You'll get probabilities $\text{P(High|Data)}$ and $\text{P(Low|Data)}$. If neither probability is higher than a threshold (say $50\%$) you can label the instance as $\text{Unknown}$ instead.


Example in R

An example in R using kernlab's ksvm (any probabilistic classifier would work).

library(kernlab)

#our data
x = as.matrix(iris[,-c(2,4,5)])
y = iris$Species

#our new classes
ysetosa = (y == "setosa") + 0
yversic = (y == "versicolor") + 0

#our two models
fitsetosa = ksvm(y = ysetosa, x = x, type = "C-bsvc", prob.model = TRUE)
fitversic = ksvm(y = yversic, x = x, type = "C-bsvc", prob.model = TRUE)

#the class predictions
predsetosa = predict(fitsetosa, x, type = "probabilities")
predversic = predict(fitversic, x, type = "probabilities")

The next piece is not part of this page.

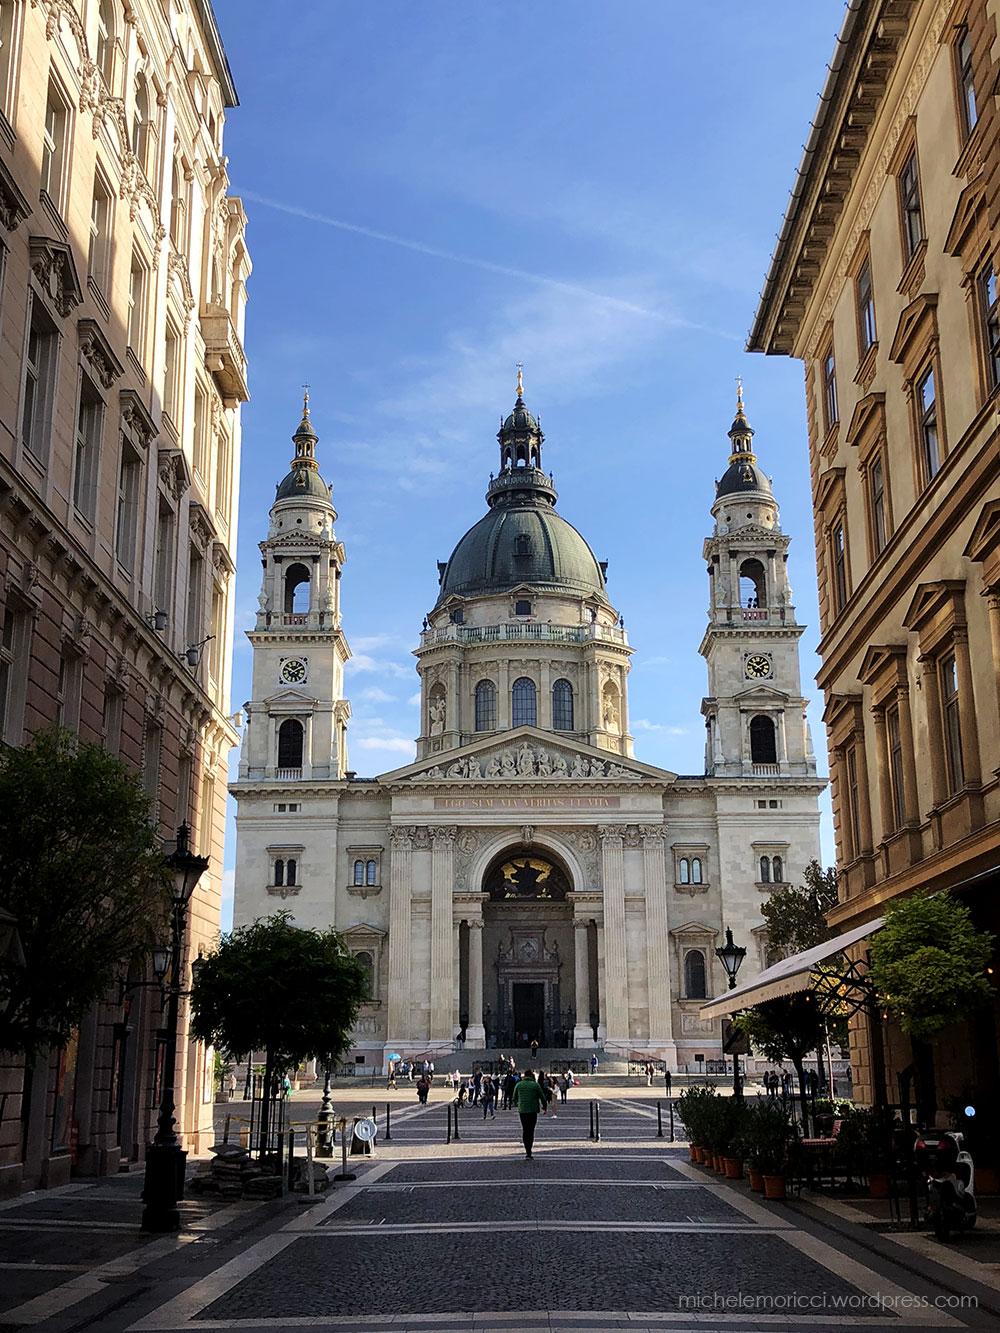 MicheleMoricci-Budapest-2018-19

#the unknown probability is 1 minus the other probabilities
pred = cbind(setosa = predsetosa[,2L], versicolor = predversic[,2L], unknown = 1 - predsetosa[,2L] - predversic[,2L])

tail(pred)

#> tail(pred)
#            setosa  versicolor   unknown
#[145,] 0.009275878 0.005356246 0.9853679
#[146,] 0.009058278 0.141930931 0.8490108
#[147,] 0.009945749 0.101307355 0.8887469
#[148,] 0.009903443 0.034164283 0.9559323
#[149,] 0.009027848 0.002268708 0.9887034
#[150,] 0.009679991 0.028774113 0.9615459

We know the last 50 examples in iris are neither setosa nor versicolor, and this is reflected in the respective probabilities.


Issues

The difference can generate negative probabilities. Better methods for probability coupling exist and should be used instead. I'm fairly sure you can edit kernlab ones (mostly based on binary probabilities) to not sum to 1, which in practice would result in the example I created.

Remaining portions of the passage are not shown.